#### Assignment:
Output each of the entries exactly, skipping every picture they contain.

#### Stored data entries:

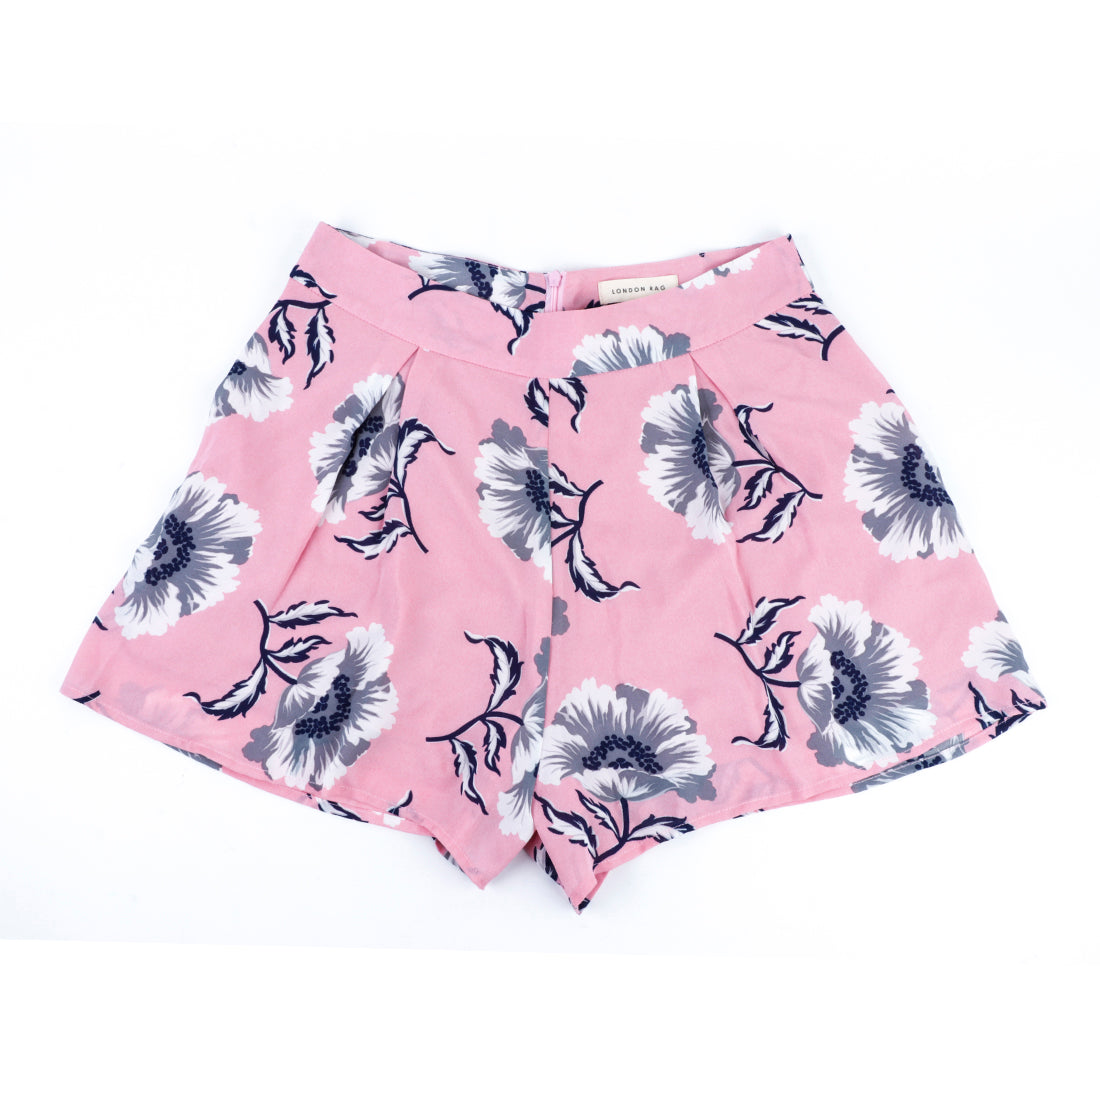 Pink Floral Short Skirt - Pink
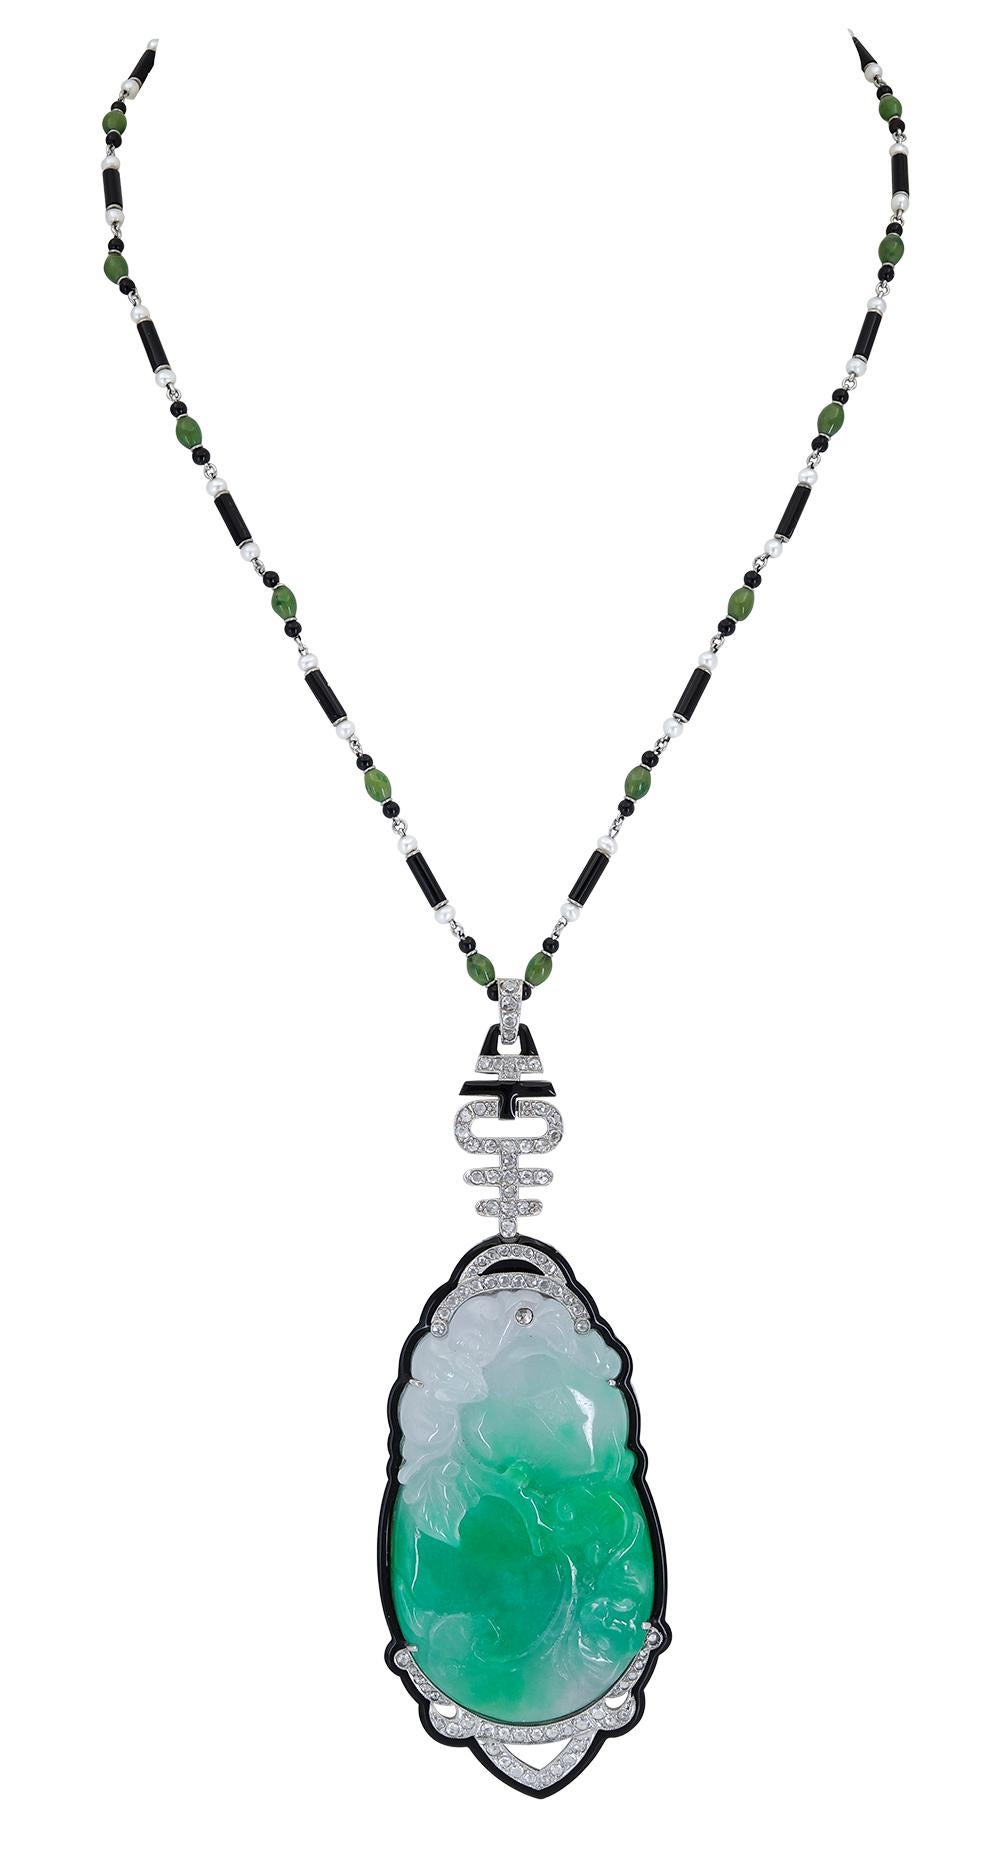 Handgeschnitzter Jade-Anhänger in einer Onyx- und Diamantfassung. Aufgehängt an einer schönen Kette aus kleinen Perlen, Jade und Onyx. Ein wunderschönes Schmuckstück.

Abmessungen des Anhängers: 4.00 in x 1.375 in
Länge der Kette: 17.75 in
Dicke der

#### Task result:
 Pink Floral Short Skirt - Pink
 Handgeschnitzter Jade-Anhänger in einer Onyx- und Diamantfassung. Aufgehängt an einer schönen Kette aus kleinen Perlen, Jade und Onyx. Ein wunderschönes Schmuckstück.

Abmessungen des Anhängers: 4.00 in x 1.375 in
Länge der Kette: 17.75 in
Dicke der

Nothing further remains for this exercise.